The different exemption periods that others have referred to would seem to be well into the past (when the exemptions were more generous) and are therefore irrelevant to the current situation.


----------



## TonyJ1 (May 20, 2014)

For numerous reasons:

1. Ignorance - exemption not requested 
2. The law has changed over the years - these exemptions / tax holiday almost wiped due to 'crise'
3. Tax holiday not requested timeously. If requested more than sixty days after purchase, the tax holiday period is reduced
4.There are limitations in that the tax holidays are based on the rateable value of the property on which exemptions maybe claimed. The rateable value does not necessarily bear any resemblance to actual cost of property.
There are probably other reasons which I cannot think of offhand


----------



## travelling-man (Jun 17, 2011)

We didn't know about the tax holiday when we bought and our lawyer told us about it and got it for us on the day we signed & bought the house (in June 2012)....... and we were given 4 years off....... was that correct or should we have been given longer/shorter?


----------



## TonyJ1 (May 20, 2014)

I am not sure, but it sounds about right. If your lawyer put in the application timeously, then it would have been granted according to the law ruling then. As the holidays do differ according to the legislation as ruling then, and the rateable value of the property - it would be a question of checking.


----------



## travelling-man (Jun 17, 2011)

Gotta love bureaucracy huh!


----------



## AuMargaret (Feb 3, 2015)

travelling-man said:


> Your lawyer should have made you aware of these things and should also have made you aware that (assuming you're a new immigrant) you'd probably be eligible for a rates holiday of something like 4 or 5 years. - In our case, we were given a 4 year rates holiday.


Yes I am a new immigrant (retiree).

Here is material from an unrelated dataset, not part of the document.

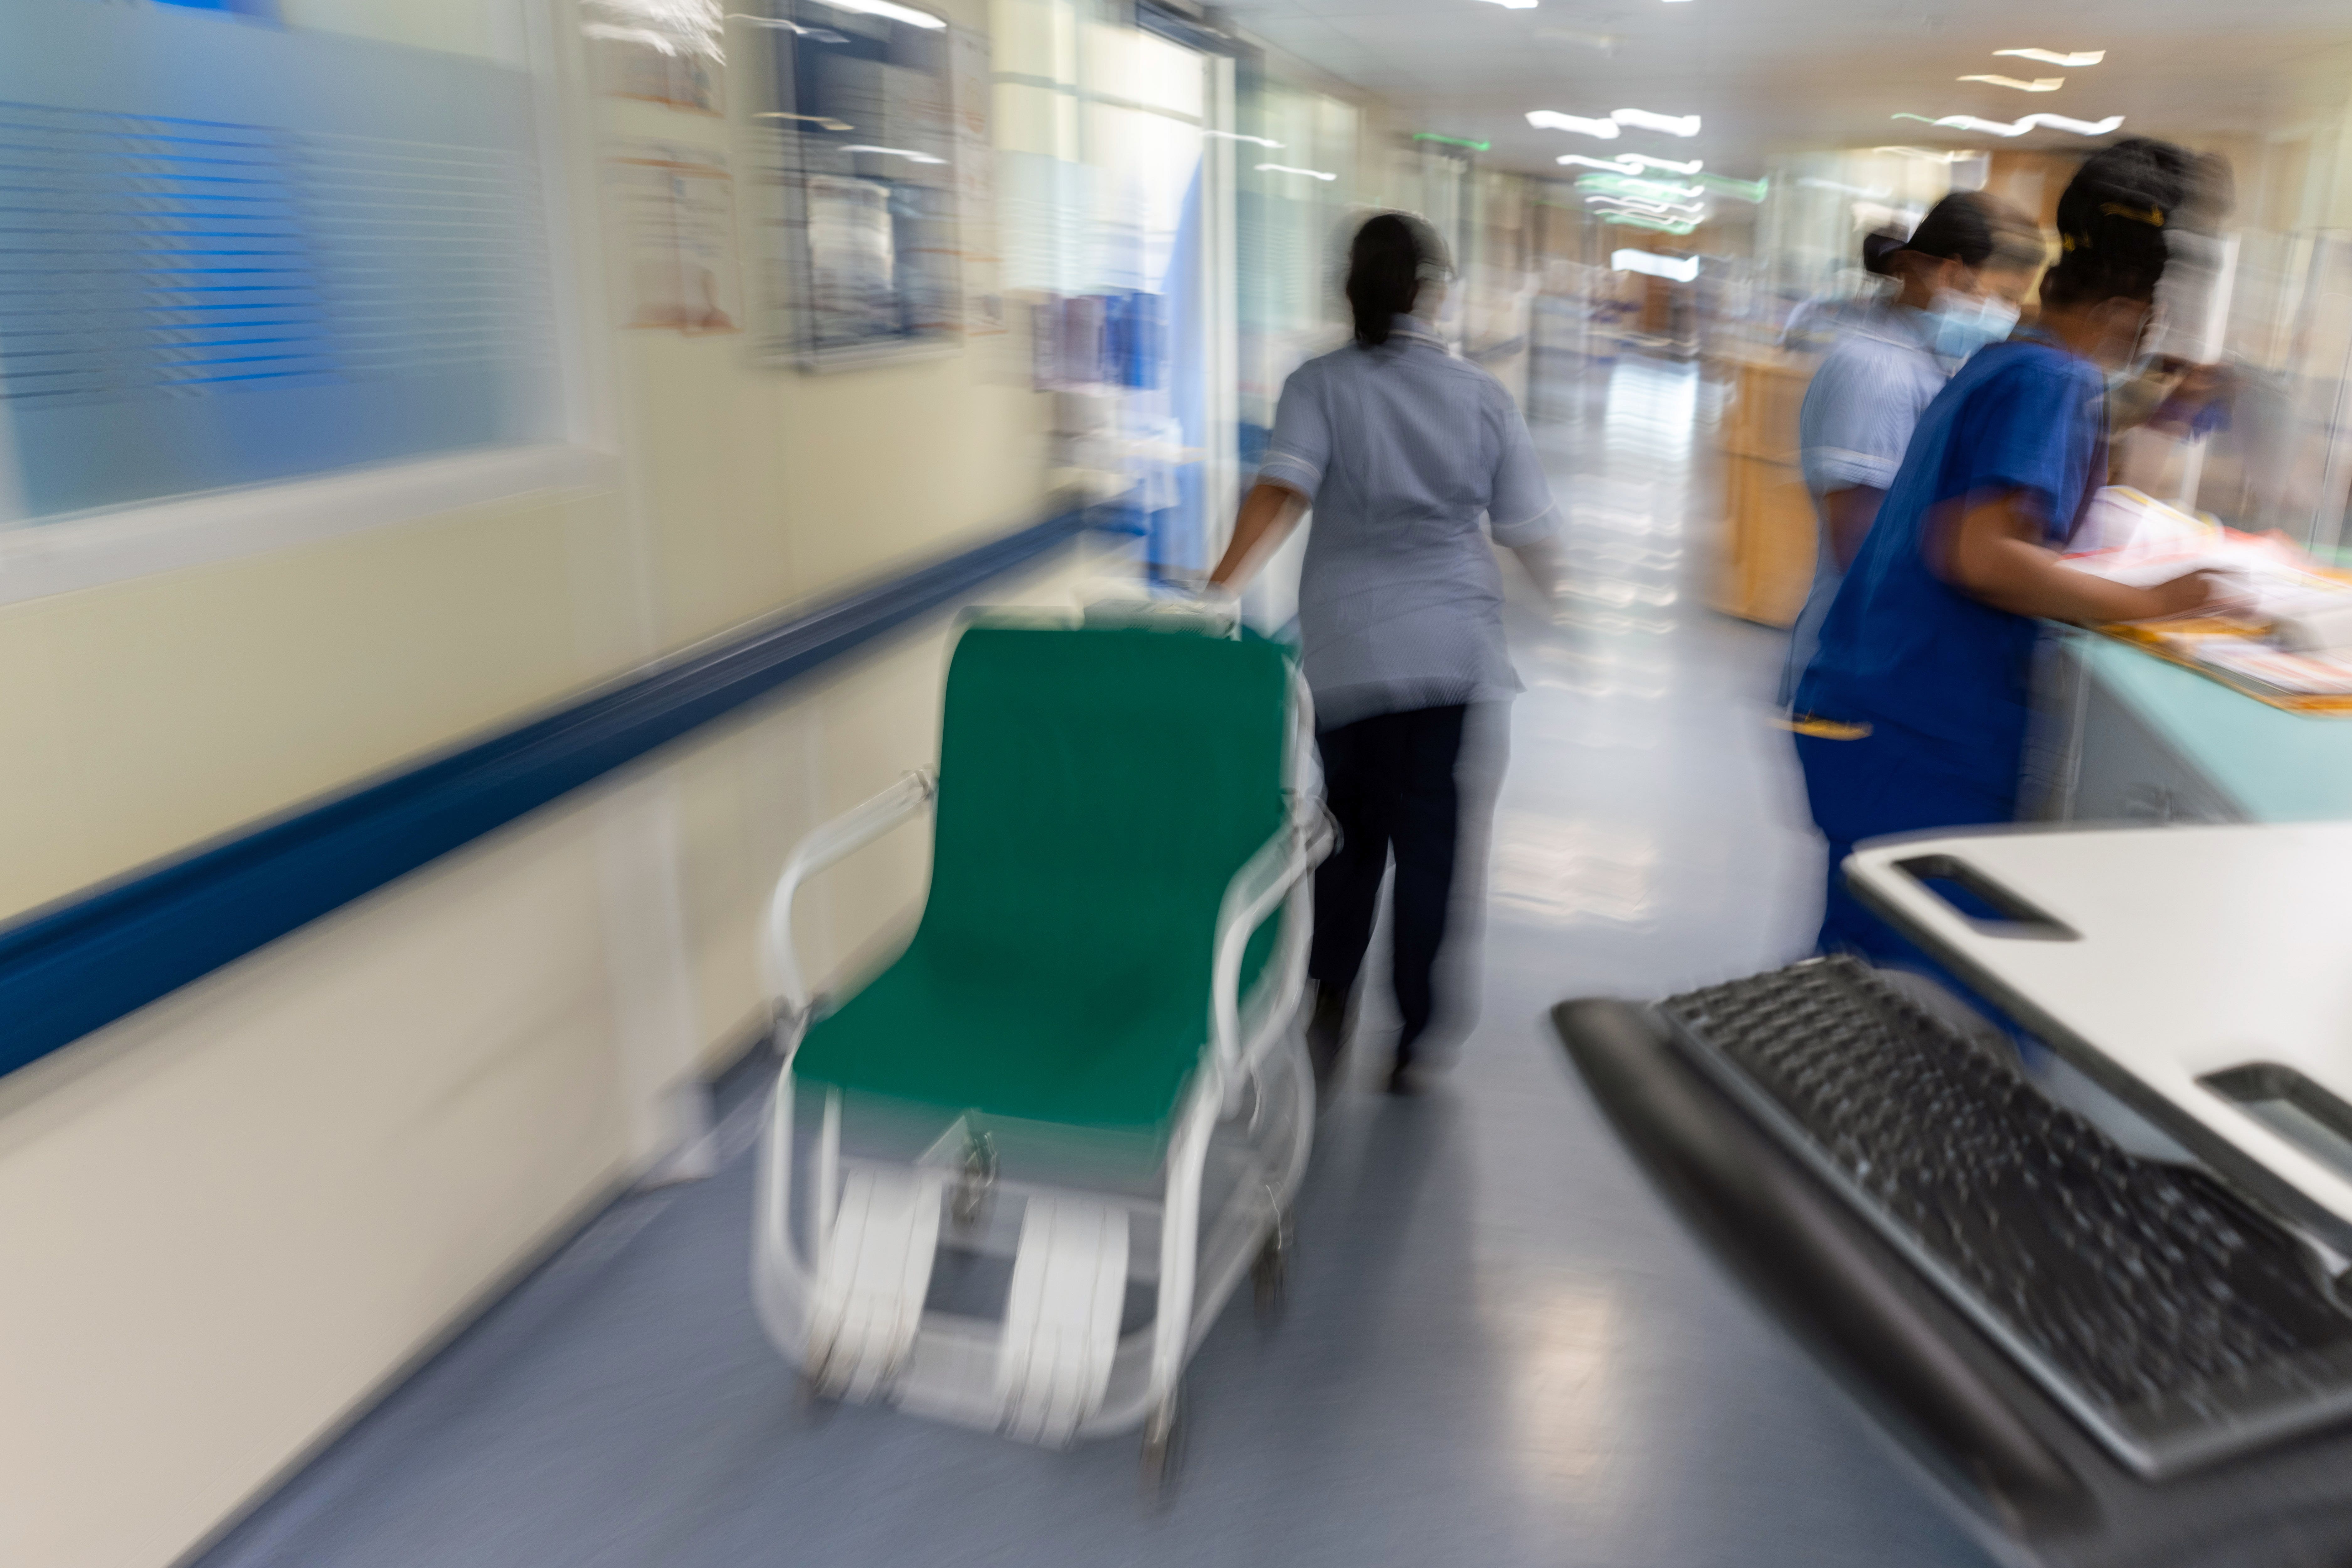 The NHS is attempting to reduce the number of avoidable hospital admissions this winter by using technology (PA)

The lawyer did not advise me so now I have to somehow find the way to apply for it myself.


----------



## travelling-man (Jun 17, 2011)

I'd suggest you go back to your lawyer, kick his or her arse and make them do it for you........ as they should have done in the first place.


----------



## grammymissy (Jun 21, 2009)

We have been told also, that exemption is now limited to those who will be filing income taxes, tax residents in Portugal. If not your primary tax residence, exemption is denied.


----------



## TonyJ1 (May 20, 2014)

As far as I am aware, it has always been case that the exemption / tax holiday was for primary residence only. Many exemptions were requested fraudently and the tax machine did not have the adequate resources to stop this. Matters have much improved (depends on which point of view) on this.


----------



## grammymissy (Jun 21, 2009)

Not only primary residence, intent to file income tax reports yearly has to be shown, in our case we are requesting NHR, which implies taxes will be filed in Portugal.


----------



## TonyJ1 (May 20, 2014)

Off course - if it is your primary residence, it implies you live here, and therefore tax returns. There could still be the case (in very limited circumstances), where the primary residence is in Portugal, and not have to submit tax returns - but off hand, I can think of very few exceptions (e,g. living off capital and the capital is invested in Portuguese banks, is one instance).

I have had a quick read at the applicable article that grants the above tax exemption / holiday, but I cannot spot the requirement that a tax return has to be made, as mentioned above there can be circumstances where returns are not required, but the overall implication is that if you request an exemption than you are liable to submit a tax return - which follows.


----------